2. Description of the Related Art
When virtual stereo sound (3-dimensional (3D) sound) for localizing a sound source in a 3D space is implemented, a measured head related impulse response (HRIR) is generally used. The measured HRIR is a transfer function relating the eardrums of a listener with respect to the position of a sound source, and includes many physical effects having influence on the hearing characteristic of the listener from when the sound wave is generated by a sound source until it is transferred to the eardrums of the listener. This HRIR is measured with respect to changes in the 3D position of a sound source and changes in frequencies, by using a manikin that is made based on an average structure of a human body, and the measured HRIR is consisted of a database (DB) form. Accordingly, when a virtual stereo sound is actually implemented by using the measured HRIR DB, problems as described below occur.
When a sound image of one virtual sound source is localized to an arbitrary 3D position, a measured HRIR filter is used. In the case of multiple channels, the number of HRIR filters increases as the number of channels increases, and in order to implement accurate localization of a sound image, the coefficient of each filter also increases. This causes a problem in that a large capacity, high performance processor is required for the localization. Also, when a listener moves, a large capacity HRIR DB of HRIRs measured at predicted positions of the listener, and a large capacity, high performance processor capable of performing an interpolation algorithm in real time by using the large capacity HRIR DB are required.

SUMMARY OF THE INVENTION

The present invention provides a method and apparatus by which only important information having influence on sound image localization of a virtual sound source is extracted, and by using the extracted information, instead of experimentally obtained HRIR filters, a sound image of an input signal can be localized to a spatial position by using only a small capacity low performance processor.
The present invention also provides a computer readable recording medium having embodied thereon a computer program for executing the method.
The technological objectives of the present invention are not limited to the above mentioned objectives, and other technological objectives not mentioned can be clearly understood by those of ordinary skill in the art pertaining to the present invention from the following description.
According to an aspect of the present invention, there is provided a method of localizing a sound image of an input signal to a spatial position, the method including: extracting, from a head related impulse response (HRIR) measured with respect to changes in the position of a sound source, first information indicating a reflection sound wave reflected by the body of a listener; extracting, from the HRIR, second information indicating the difference between sound pressures generated in two ears, respectively, when a direct sound wave generated from the position of the sound source arrives at the two ears, respectively, of the listener; extracting, from the HRIR, third information indicating the difference between times taken by the direct sound wave to arrive at the two ears, respectively; and localizing a sound image of an input signal to a spatial position by using the extracted information.
According to another aspect of the present invention, there is provided a computer readable recording medium having embodied thereon a computer program for executing a method of localizing a sound image of an input signal to a spatial position.
According to another aspect of the present invention, there is provided an apparatus for localizing a sound image including: a first filter set by extracted first information after extracting, from an HRIR measured with respect to changes in the position of a sound source, the first information indicating a reflection sound wave reflected by the body of a listener; a second filter set by extracted second information after extracting from the HRIR, the second information indicating the difference between sound pressures generated in two ears, respectively, when a direct sound wave generated from the position of the sound source arrives at the two ears, respectively, of the listener; and a third filter set by third information after extracting, from the HRIR, the third information indicating the difference between times taken by the direct sound wave to arrive at the two ears, respectively, wherein a sound image of an input signal is localized by using the set first through third filters.
According to the present invention, by extracting and using only important information having influence on sound image localization of a virtual sound source, the apparatus and the method of the present invention can be embodied with a small number of filter coefficients. Also, the apparatus and the method of the present invention can be embodied only with a small capacity processor so as to be employed in a small capacity device, such as a mobile device.

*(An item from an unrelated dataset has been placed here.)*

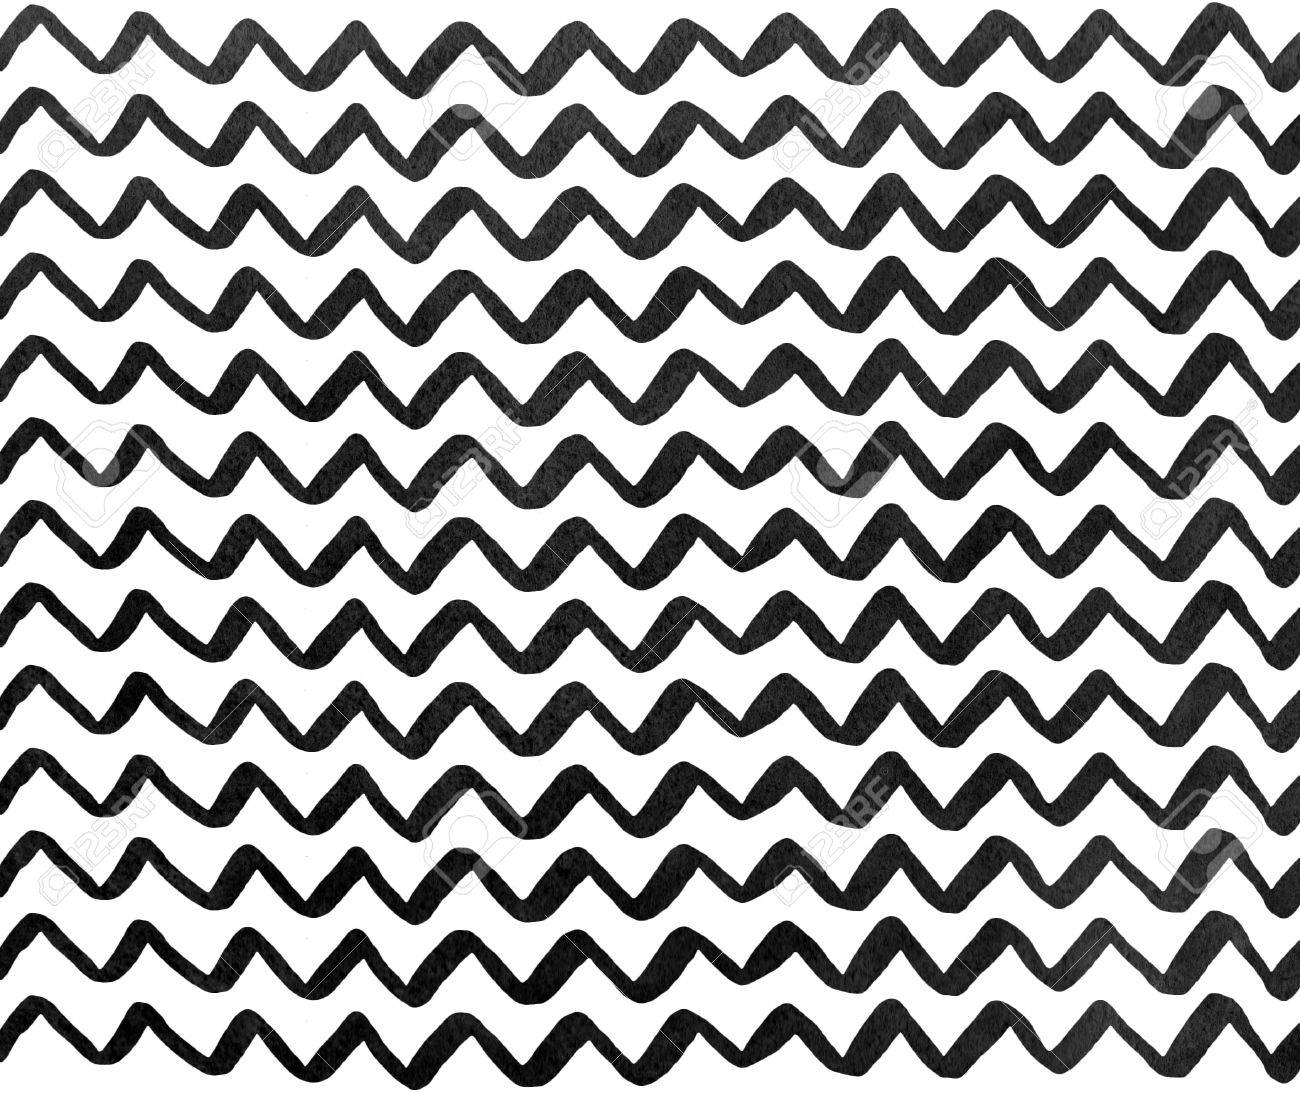 watercolor black hand painted stripes pattern chevron stock photo Cool Blue Chevron Background stock photo watercolor black hand painted stripes pattern chevron

BRIEF DESCRIPTION OF THE DRAWINGS

The patent or application file contains at least one drawing executed in color. Copies of this patent or patent application publication with color drawing(s) will be provided by the Office upon request and payment of the necessary fee. The above and other features and advantages of the present invention will become more apparent by describing in detail exemplary embodiments thereof with reference to the attached drawings in which:

FIG. 1 is a diagram illustrating paths through which a sound wave used for sound image localization is transferred to the ears of a listener according to an embodiment of the present invention;

FIG. 2 is a schematic diagram illustrating an apparatus for localizing a sound image of an input signal to a spatial position according to an embodiment of the present invention;

FIG. 3 is a detailed diagram illustrating an apparatus for localizing a sound image of an input signal to a spatial position according to an embodiment of the present invention;

FIG. 4A is a diagram illustrating a dummy head with pinnae attached thereto according to an embodiment of the present invention;

FIG. 4B is a diagram illustrating a dummy head without attached pinnae according to an embodiment of the present invention;

FIG. 4C is a diagram illustrating a head related impulse response (HRIR) measured with respect to changes in the position of a sound source according to an embodiment of the present invention;

FIG. 5A is a graph illustrating an HRIR measured with respect to changes in the position of a sound source from a dummy head with pinnae attached thereto according to an embodiment of the present invention;

FIG. 5B is a graph illustrating an HRIR measured with respect to changes in the position of a sound source from a dummy head without attached pinnae according to an embodiment of the present invention;

FIG. 5C is a graph of an HRIR showing a second reflection sound wave reflected by pinnae according to an embodiment of the present invention;

FIG. 6 is a graph illustrating a first reflection sound wave reflected by shoulders according to an embodiment of the present invention;

FIG. 7 is a graph for explaining a concept of interaural time difference (ITD) cross correlation used in an embodiment of the present invention;

FIG. 8A is a graph illustrating an HRIR measured with respect to changes in the position of a sound source according to an embodiment of the present invention;

FIG. 8B is a graph illustrating ITD cross correlation extracted from an HRIR measured according to an embodiment of the present invention;

FIG. 8C is a graph obtained by subtracting ITD cross correlation from an HRIR measured according to an embodiment of the present invention;

FIG. 9 is a diagram explaining an equation used to calculate ITD cross correlation according to an embodiment of the present invention;

FIG. 10 is a graph comparing ITD cross correlation obtained by measuring with ITD cross correlation obtained by using an equation according to an embodiment of the present invention;

FIG. 11 is a flowchart illustrating a method of localizing a sound image of an input signal to a spatial position according to an embodiment of the present invention; and

FIG. 12 is a flowchart illustrating a process of extracting information on a reflection sound wave reflected by a listener according to an embodiment of the present invention.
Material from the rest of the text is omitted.